Apr 3, 2019 | By: Malaak Khattab

Grant Project Helps Inmates Adjust To Life Outside Of Prison

It’s a second chance at life and it’s designed specifically for felons who want to get back on track.

The New Beginnings Re-entry Projects prepares inmates and offenders to come back to the community before they are released from prison, jail, or treatment.

“Every case is unique; it depends on where they are, where they are coming from and where they are hoping to go,” said Jane Phelps, the project manager for the New Beginnings Re-entry Project.

Majority of the clients have substance use disorders. Associates Systems Navigator Michael Davis provides one-on-one recovery coaching to clients.

“A lived experience is one of the best ways to help someone go through it and move down that path of recovery,” Davis said. “I can’t make anybody be sober, but I can walk next to them on their path of recovery.”

The process for re-entry can take months, and housing is one of the challenges that clients face in the community. Phelps said about 95 of their 215 clients are homeless. There have been cases where people go back to doing drugs because it’s easier for them to go back to an environment where they know they’ll be accepted.

“So if they have no ID, no medical insurance, no housing, no clothing, no phone, no food, it’s really hard for them to figure out what they’re going to do,” Phelps said.

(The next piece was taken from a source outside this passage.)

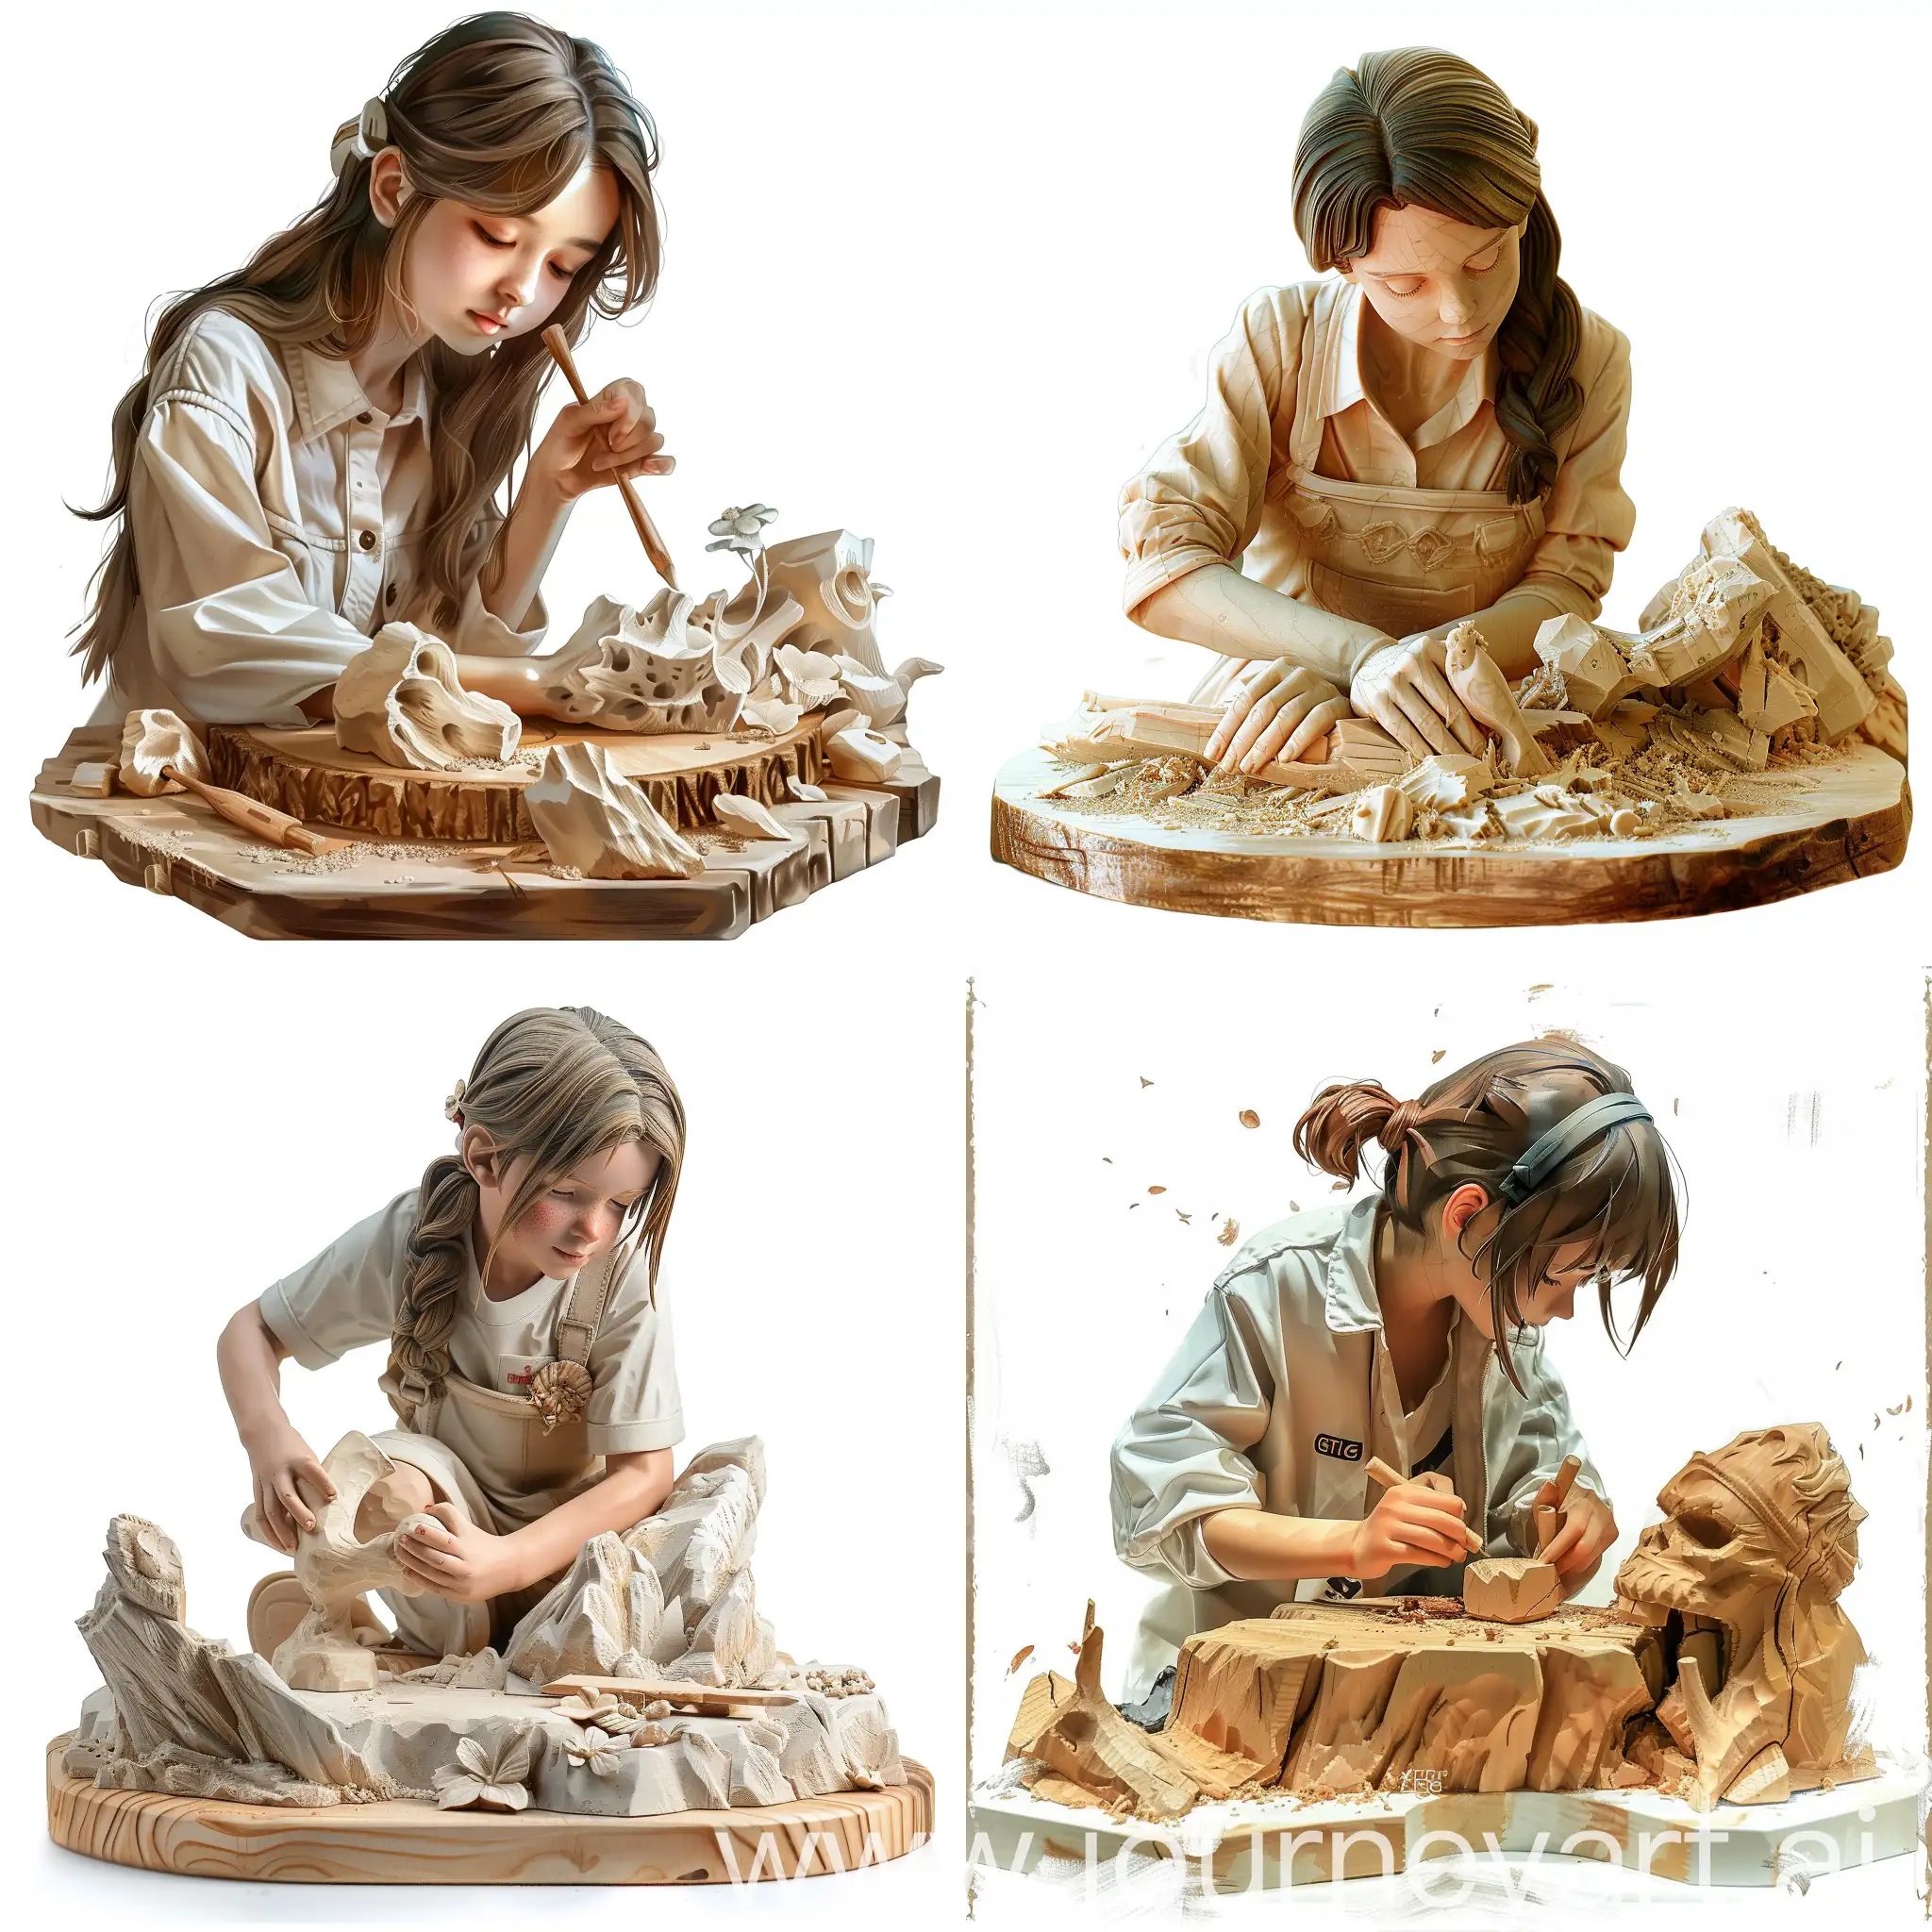 A GTI 6 style girl who is carving on wood and made a very nice sculpture. White background - very realistic

The program works in collaboration with other community resources to help aid clients with the support and relief they need in order to succeed.

Trish Hansen, the District Supervisor for the Minnesota Department of Corrections, said the program helps clients set up the resources needed for them. They make sure that they go to their appointments and to make sure they have a means to get there.

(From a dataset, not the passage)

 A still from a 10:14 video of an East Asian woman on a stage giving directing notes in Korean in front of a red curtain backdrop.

“They start to try and remove some of those barriers that prevent them from getting through programming that they need to do,” Hansen said.

The New Beginnings Re-entry Project is voluntary. Davis said that the clients that want to do the work and put in the effort are the ones that succeed.

“People start getting their kids back, they start getting there lives together, parents want to talk to them again, their brother and sisters. The family starts coming back together again, and you can see it in the people,” Davis said.